Why is this an important reminder? Well, to begin with, as my friends so nicely illustrate, young people are not a homogeneous group. We are, as surprising as it seems to be to some, as diverse as any other demographic slice. Young people come from different backgrounds. We have different tastes, different preferences, different hopes and different needs. We each have blind spots, areas in which we need to learn and grow, ideas that need challenging. And like most other people in the world, we feel cheated when we are judged by an external quality like skin colour, language, sexual preference, or age, and lumped into a category where the rest of the world can safely and happily assume they have figured us out.

In fact, in attempting to make our worship 'young people friendly' as a way of doing evangelism, we can actually be doing the exact opposite of proclaiming our good news.

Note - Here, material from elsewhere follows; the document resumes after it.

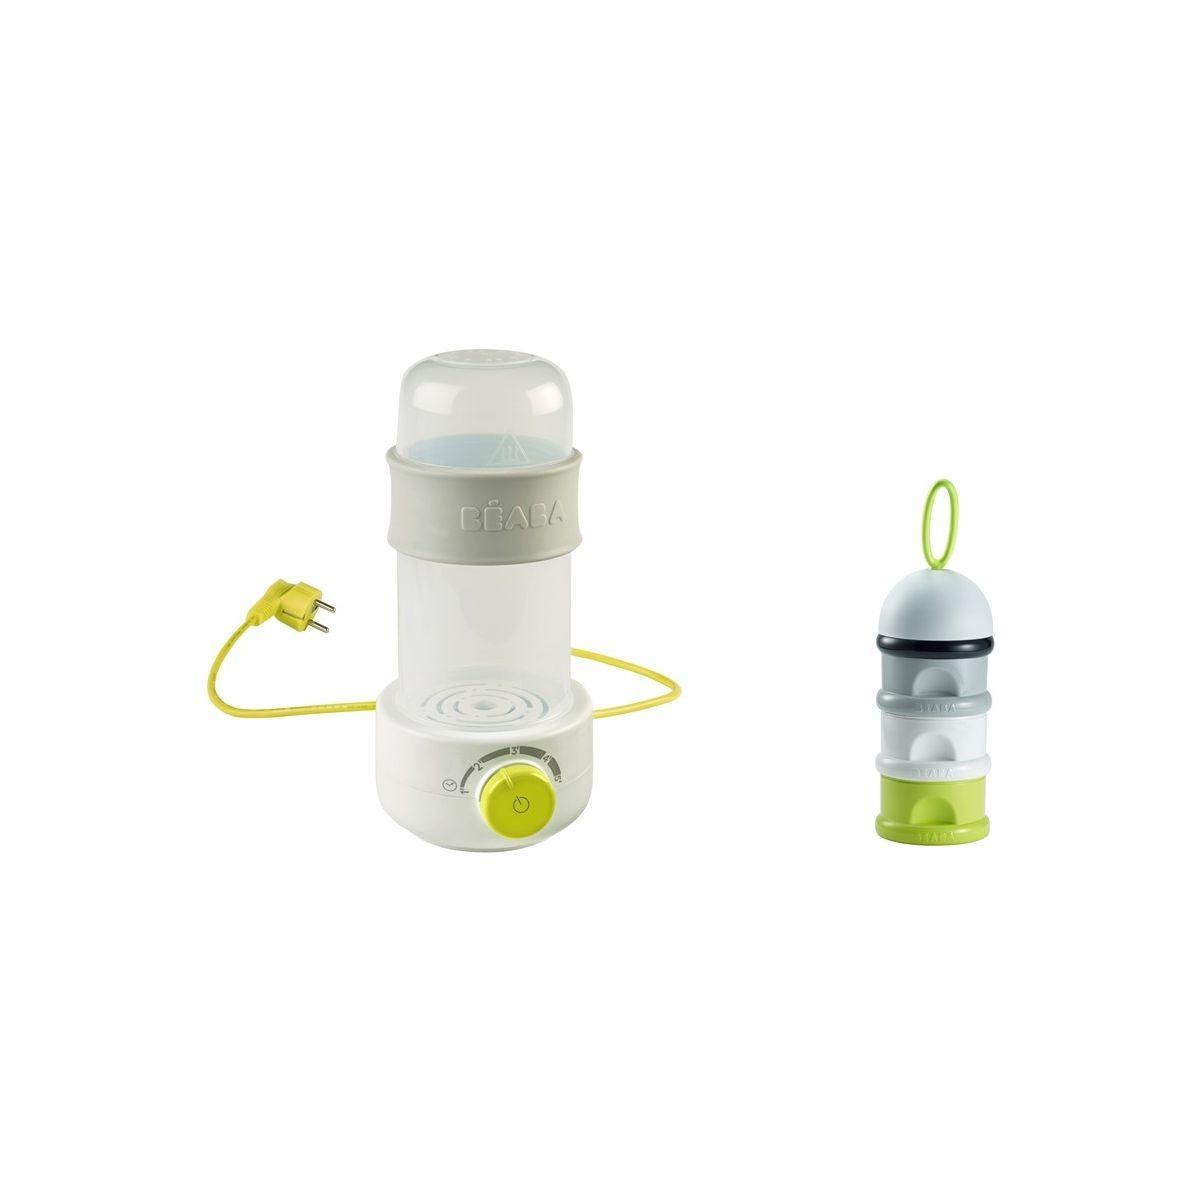 Chauffe biberon beaba 911661 babymilk + boite doseuse n�on - livraison offerte : code livdom (photo)

Something at the core of our good news is about how we are called to be persons, persons unique, varied, creative, diverse and interconnected, persons who have the amazing privilege of deepening into who we truly are in and through our relationships with others. We do not become persons by placing other persons into manageable categories. However, we might have a better chance of becoming persons through the hard work of listening, through the hard work of actually getting to know one another.

The problems don't stop there. Evangelism has never been about matching God's truth to human preference. It has never been about making ourselves popular with the greatest number of people possible, or with the most desirable people possible. Again, this is something we all know. Thankfully meeting people's preferences is not the good news we have to proclaim, because as my friends also illustrate, there is no such thing as a church that will be universally attractive to young people.